3.11 qRT-PCR key genes in vitro of UC

Expression levels of these four key genes were also assessed in vitro using the RAW264.7 cell line and a co-culture model. In co-cultured RAW264.7 cells, mRNA expression levels of IDO1 and NPY1R were significantly upregulated compared to the normal RAW264.7 cell line (Fig 9G-9H and S1 Fig).

4. Discussion

The global incidence of immune-mediated inflammatory diseases (IMIDs), particularly ulcerative colitis (UC) and rheumatoid arthritis (RA), has surged in recent decades, imposing substantial clinical and economic burdens [11]. Emerging evidence underscores their shared pathogenesis, including dysregulated IL-17 signaling, microbiota-immune axis disruption, and neutrophil-dominated inflammation [14,15]. Mendelian randomization studies further support their genetic interplay, with overlapping risk loci implicating common immunopathogenic mechanisms [16]. Notably, Korsunsky et al [17] identified conserved fibroblast activation states in both diseases, while microbiome studies reveal causal links between gut dysbiosis and systemic inflammation [18]. Recent multi-omics analyses have further highlighted the role of macrophage plasticity in bridging intestinal and joint inflammation, with transcriptional reprogramming driven by epigenetic modifiers such as HDAC3 [1923]. Despite these advances, the molecular drivers of their comorbidity remain poorly defined, hindering dual-disease therapeutic strategies.

This study integrated a machine learning framework to prioritize four biomarkers (DUOX2, IDO1, NPY1R, SELL) from the 19 shared DEGs between RA and UC. Each of these molecules may play a distinct and important role in inflammatory processes.

IDO1 is a key immunomodulatory enzyme.
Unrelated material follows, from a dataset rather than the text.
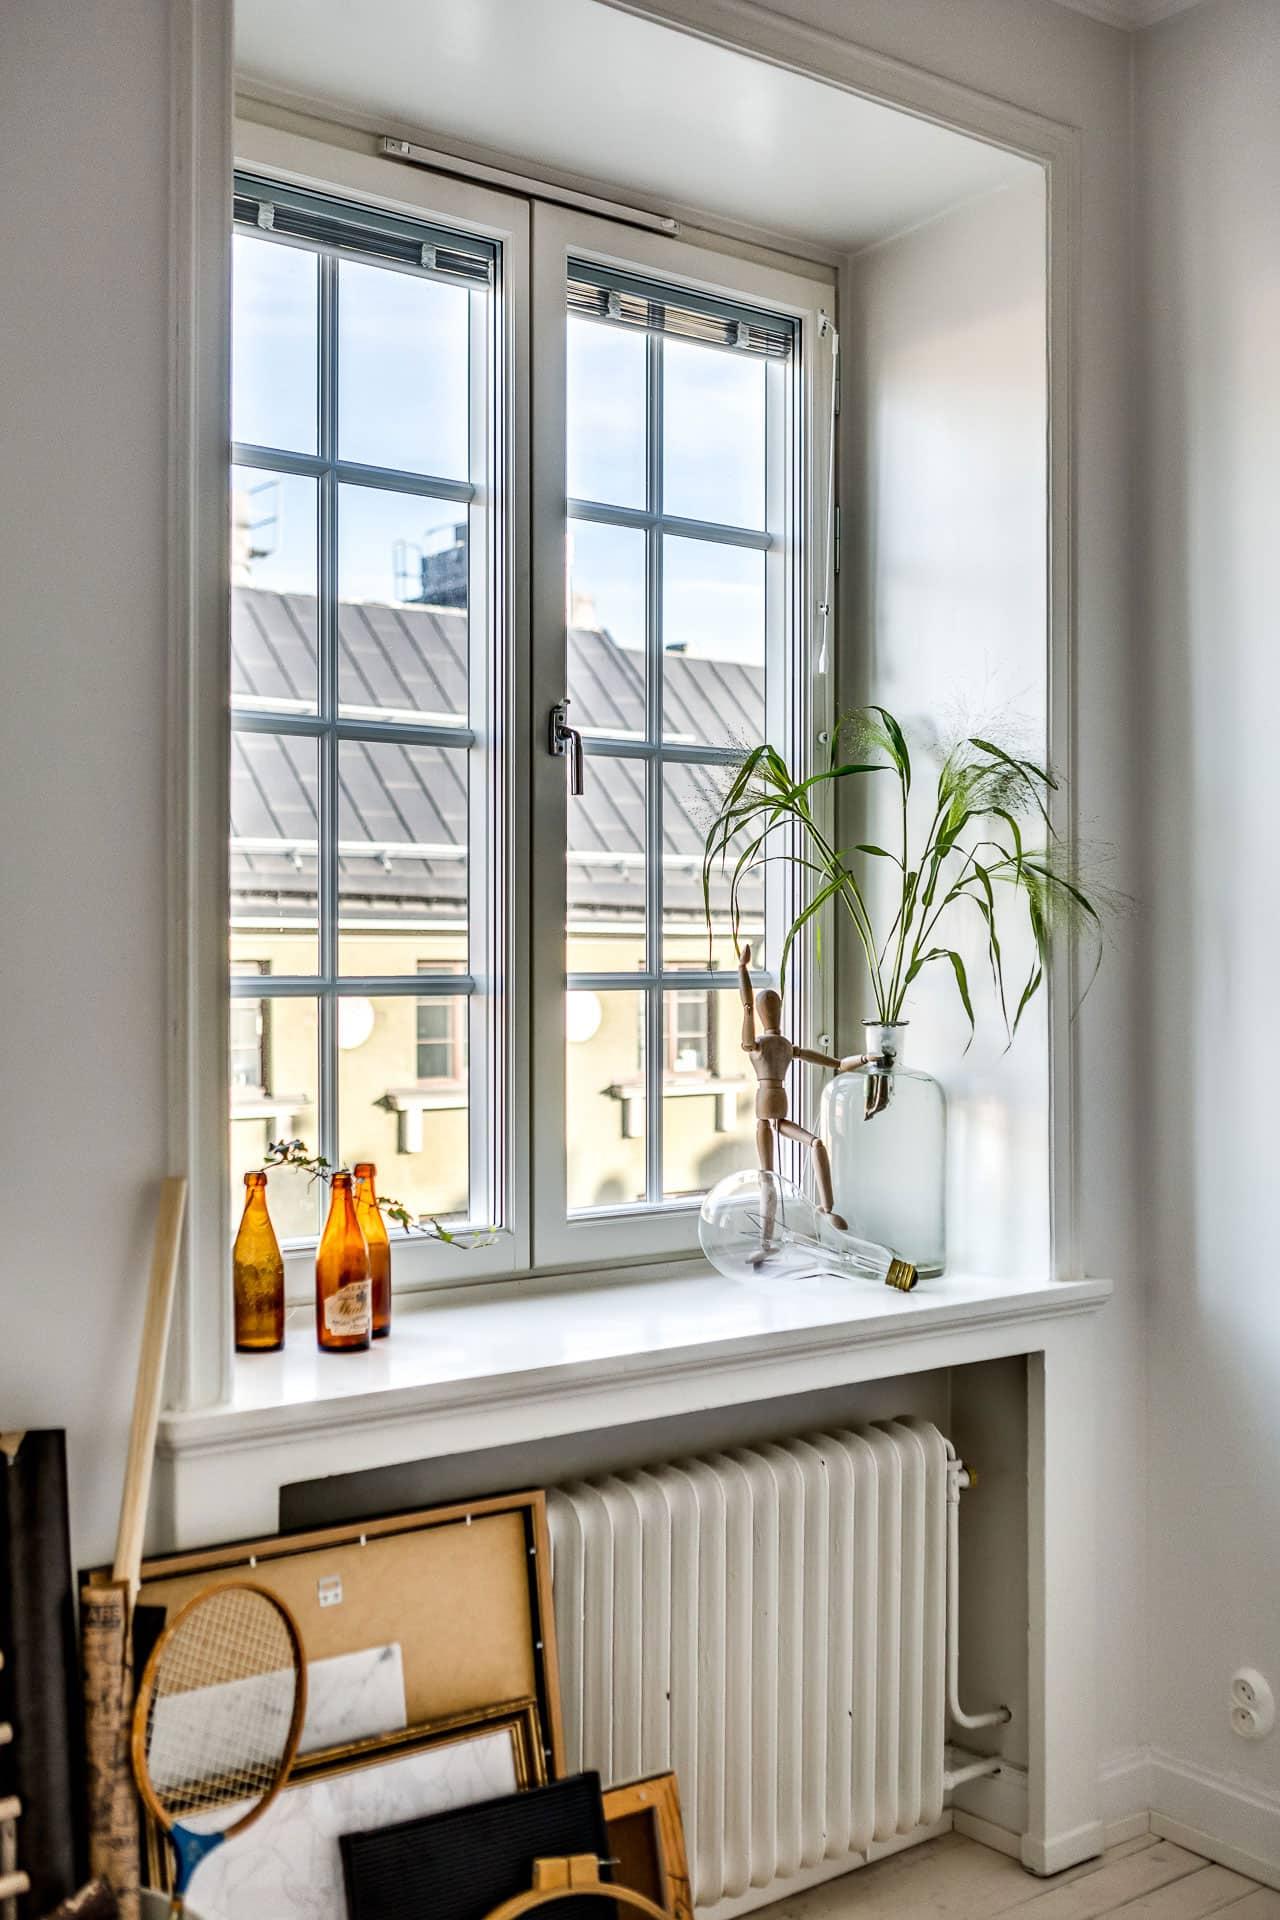 Hemmakontor, Monica Karlstein, Hemmafixbloggen.se

It may contribute to immune tolerance, primarily through the TGF-β pathway during antigen sensitization [24,25]. It also might promote angiogenesis and IL-6 production through GCN2-mediated stress responses [26]. This contributes to chronic inflammation and offers a potential therapeutic target for autoimmune conditions [27]. DUOX2 is critical for mucosal oxidative defense and microbiome homeostasis. Dysfunction of DUOX2 amplifies IL-17C-driven inflammation in response to Gram-negative bacteria [28,29]. In UC, the expression of DUOX2 is increased. This disrupts intestinal barrier integrity and promotes dysbiosis [30]. DUOX2 may also influence mucin expression, further affecting barrier function and immune regulation [31]. NPY1R is a typical G-protein-coupled receptor (GPCR) that has been extensively studied for its role in regulating intestinal inflammation. It modulates pro-inflammatory signaling by interacting with the pro-inflammatory cytokine TNF [32]. NPY1R regulates diverse processes, including cell proliferation, osteoblast differentiation, and pain perception. This highlights its broad role in chronic inflammation and bone remodeling in RA [3335]. SELL (CD62L) is an adhesion molecule that facilitates leukocyte rolling and trans-endothelial migration (TEM) [36]. It enables neutrophil infiltration into inflamed tissues via interactions with PECAM-1 [37]. SELL is implicated in immune cell aggregation in synovial and intestinal mucosa, making it a key player in both UC and RA [38].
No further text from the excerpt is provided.